Ich zum Beispiel zocke Singleplayer Games lieber auf meiner Xbox 360 als auf meinem PC - es ist einfach viel bequemer. Am PC kann ich nicht wirklich lange Einzelspieler spielen (vielleicht weil ich von zu viel CoD und Battlefield keine anspruchsvollen bzw. lange Spiele zocken kann xd) da es nicht so bequem ist und ich mich nicht einfach auf die Couch chillen kann Multiplayer ganz klar PC, Steuerung ist meiner Meinung nach viel besser und nicht jeder Idiot hat ne Zielhilfe..

Wie ist eure Meinung? Spielt ihr Einzelspieler-Spiele lieber auf dem PC oder auf eurer Konsole?


----------



## bofferbrauer (26. Oktober 2013)

Da ich hauptsächlich Strategiespiele und Oldschool RPGs zocke die von der Steuerung her generell sehr Mauslastig sind, hauptsächlich PC.

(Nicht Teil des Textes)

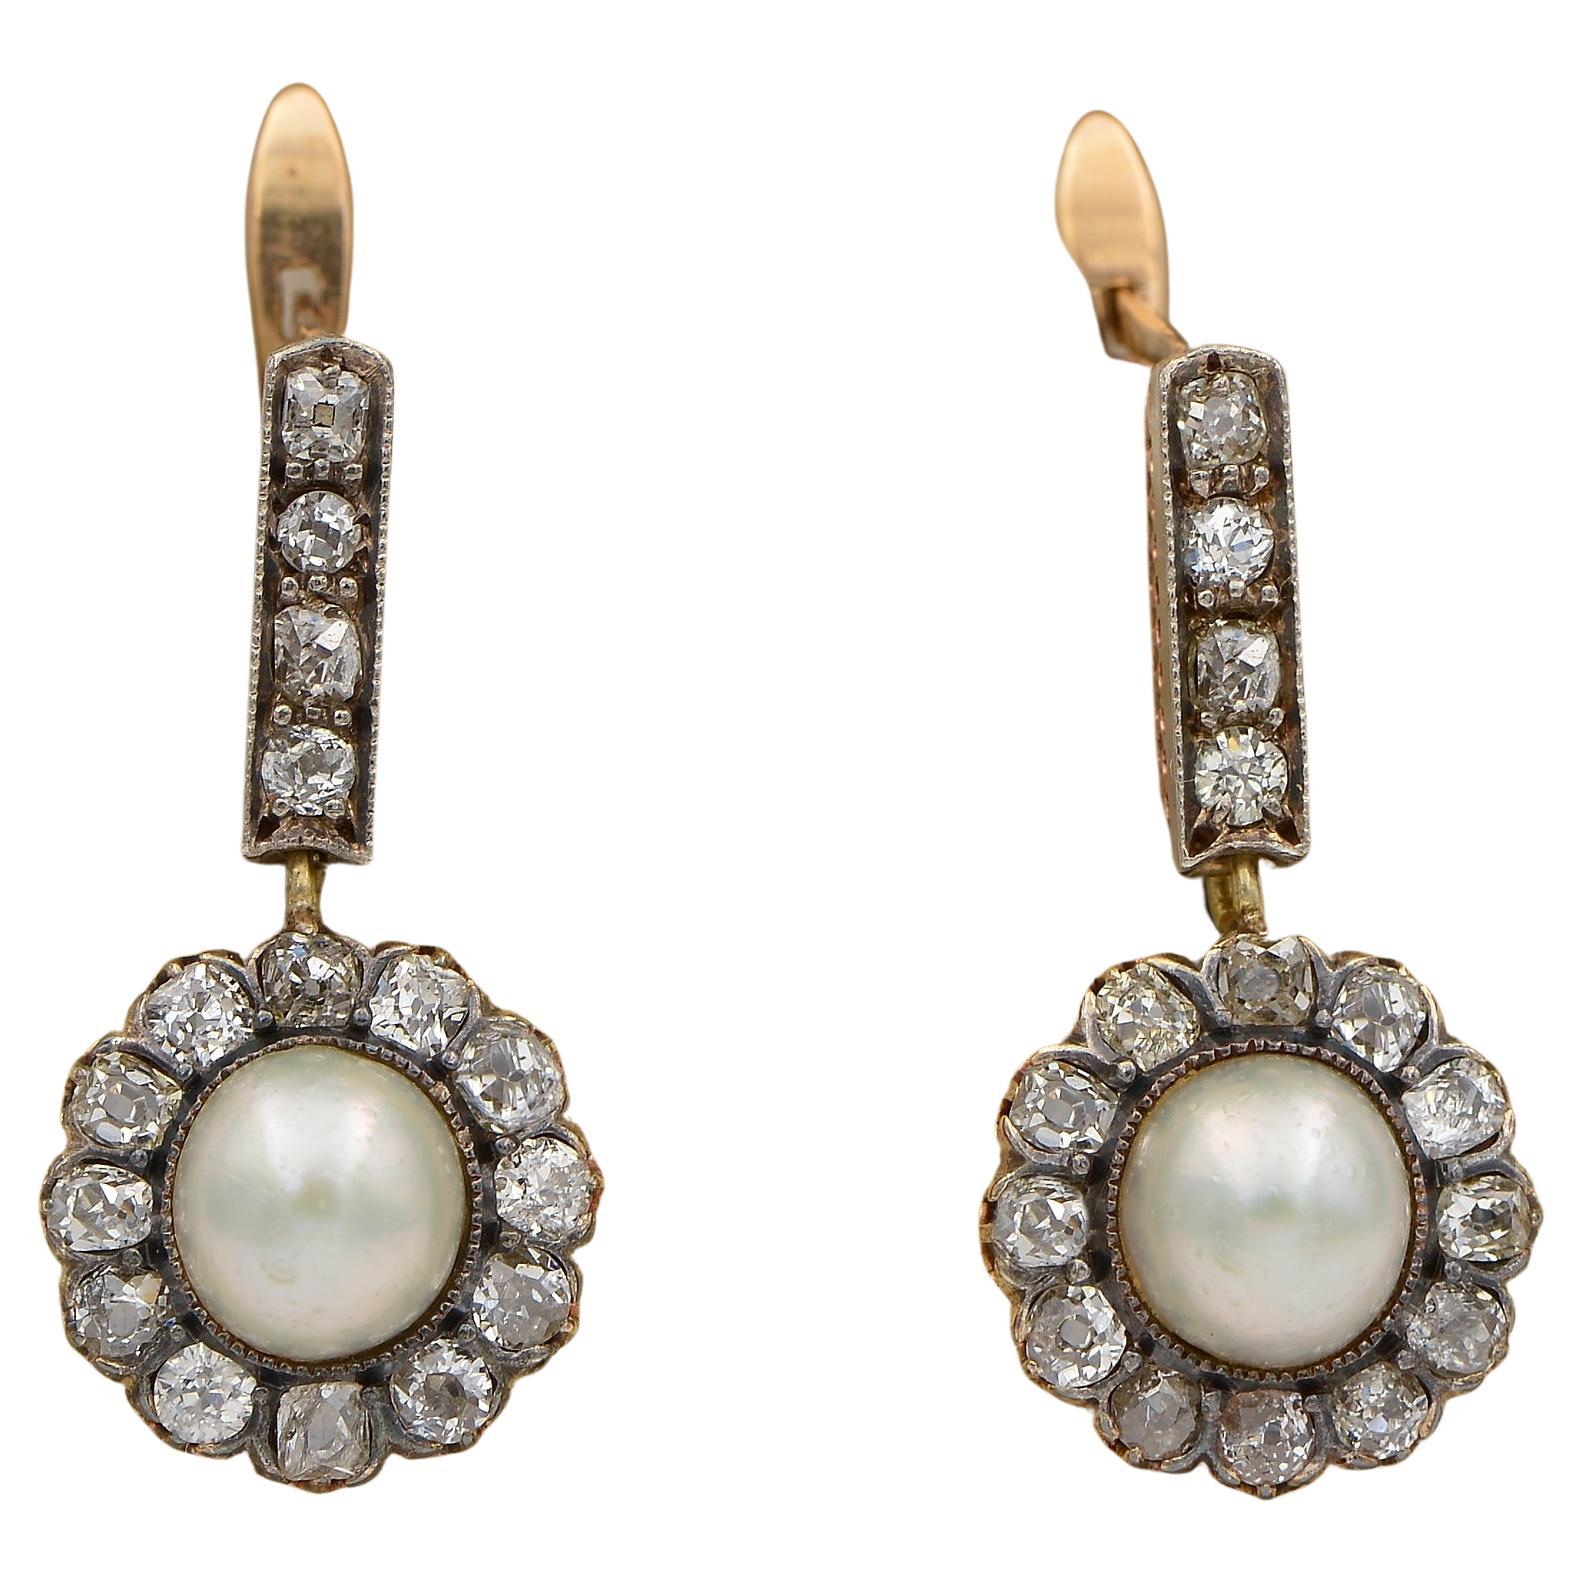 Pair of delicate pearl earrings with diamonds. 750/- whi… | Drouot.com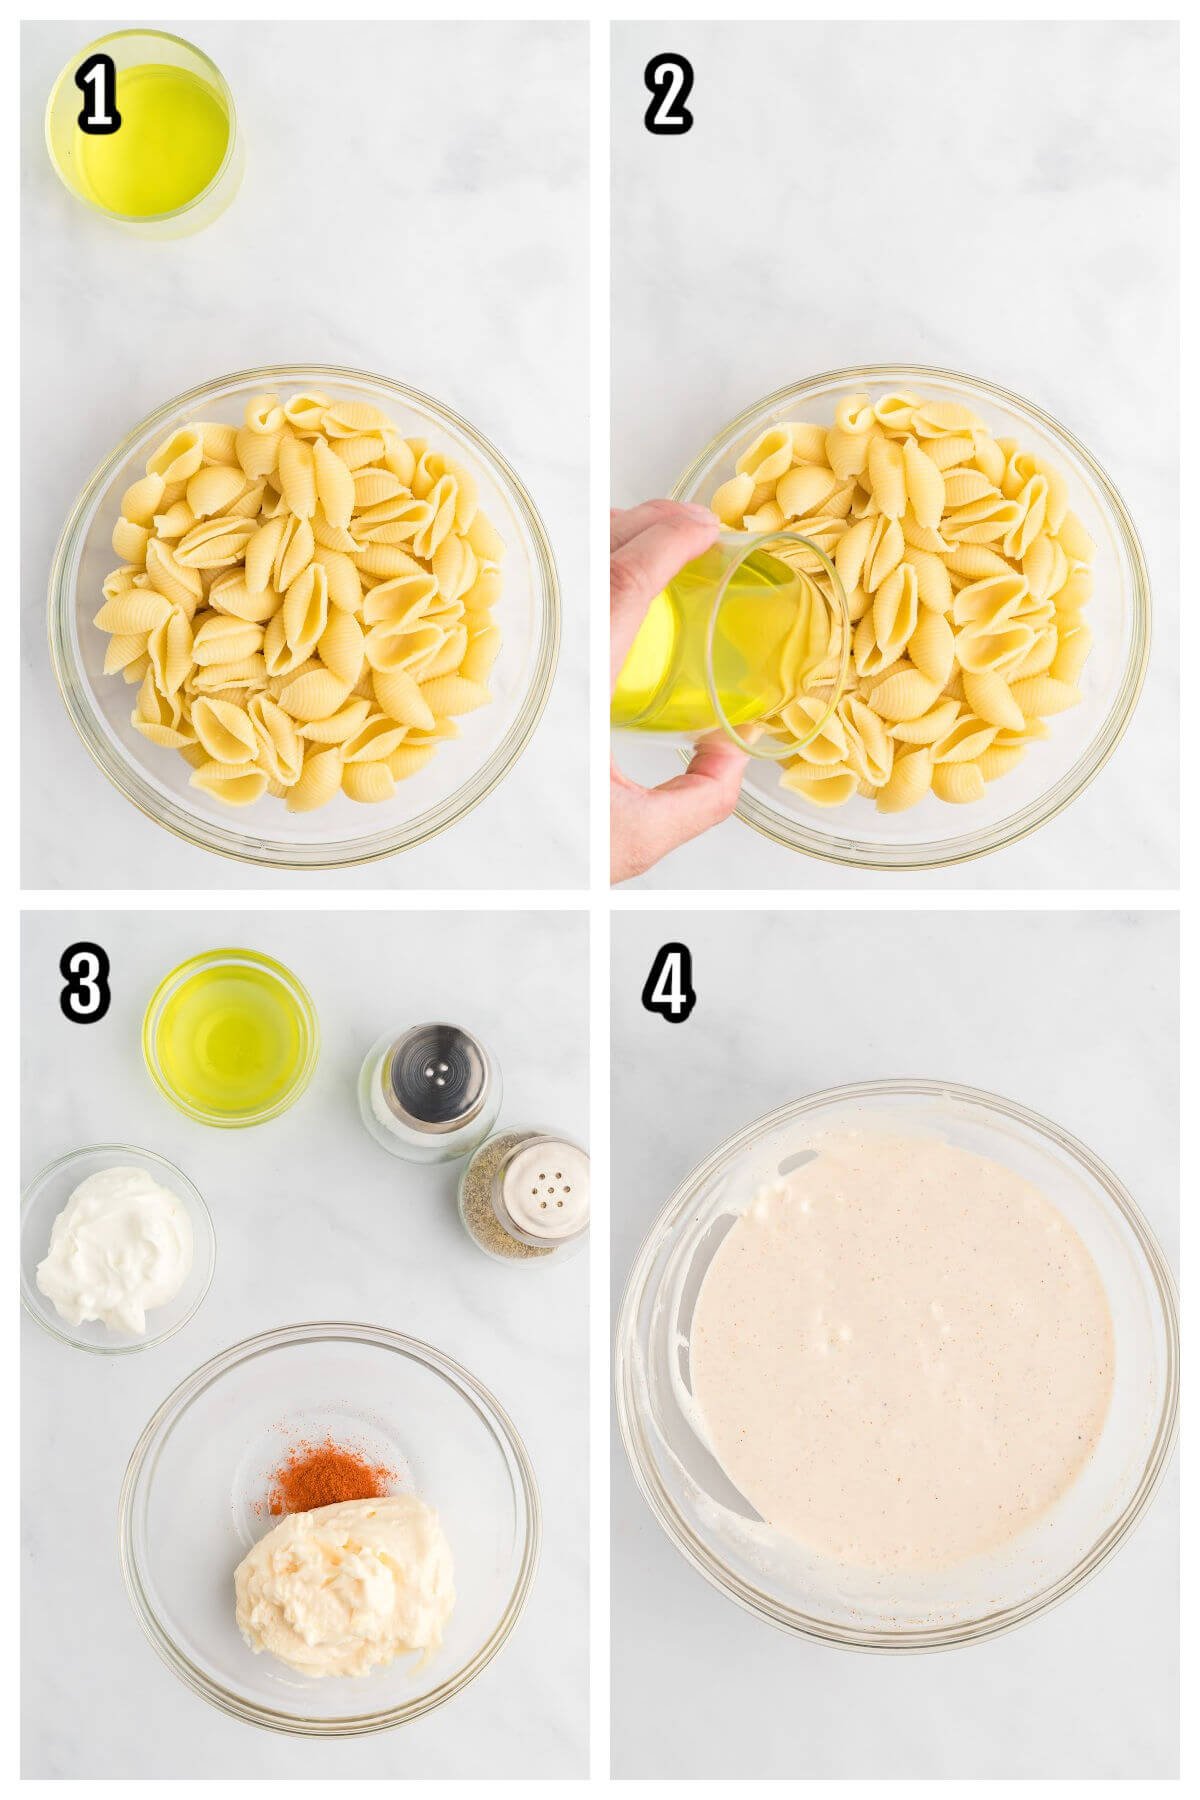 First set of four steps to making the pasta salad with dill pickles.

Typische PC-Spiele spiele ich eh nicht auf meiner Konsole; hier zocke ich Spiele die es auf dem PC eben nicht gibt. Dies ist auch der Grund weshalb mich PS und XBOX überhaupt nicht interessieren: Das Lineup ist fast identisch mit dem des PC, und deren wenigen Exklusivtitel interessieren mich bisher nicht. Nintendo dagegen hat komplett andere Spiele im Sortiment, weshalb deren Konsolen für mich viel Interessanter sind als die der Konkurrenz.


----------



## Haspu (26. Oktober 2013)

Ich spiele am liebsten am PC. Ich habe hier einen schönen Chefsessel stehen und meine Füße lege ich dann auf die Druckerablage unterhalb meines Schreibtisches ab. Also bequem ist es schon. Deweiteren spiele ich auch meist Strategie und RPG. Wenn ich dann mal ab und zu ein Shooter spiele dann auch auf dem PC weil ich mit der Konsolensteuerung für einen Shooter nicht wirklich zurechtkomme.


----------



## Noctai (26. Oktober 2013)

Ich habe die Qual der Wahl. Das heißt ich bin im Besitz der 3 "Lead Plattformen" auf dem Markt. Demnach wären das die Playstation 3, XBox360 und natürlich der PC. Wobei ich jetzt hier die PS/XBox mal als eine Konsole zähle. So manches mal fällt es mir schon Schwer, mich zu entscheiden. Was ich wo Spiele. Bis jetzt habe ich alles mehr oder weniger querbeet gezockt. Was zum teil auch am misch masch meines Freundeskreises liegt  Nichts desto trotz bevorzuge ich bei Shootern, wie wahrscheinlich fast jeder hier den PC. 
Der Rest ist wie gesagt, eher querbeet. Bisher Spiele wie Fallout3 oder Assassin's creed auf der Konsole, dafür Spiele wie Tomb Raider, XCOM oder Mass Effect auf PC, sind nur Beispiele. Wie man sieht wirklich durcheinander   Daher ist es manchmal nicht so easy sich zu entscheiden, für welche Plattform ich mir den nächsten "Top Titel" gönne.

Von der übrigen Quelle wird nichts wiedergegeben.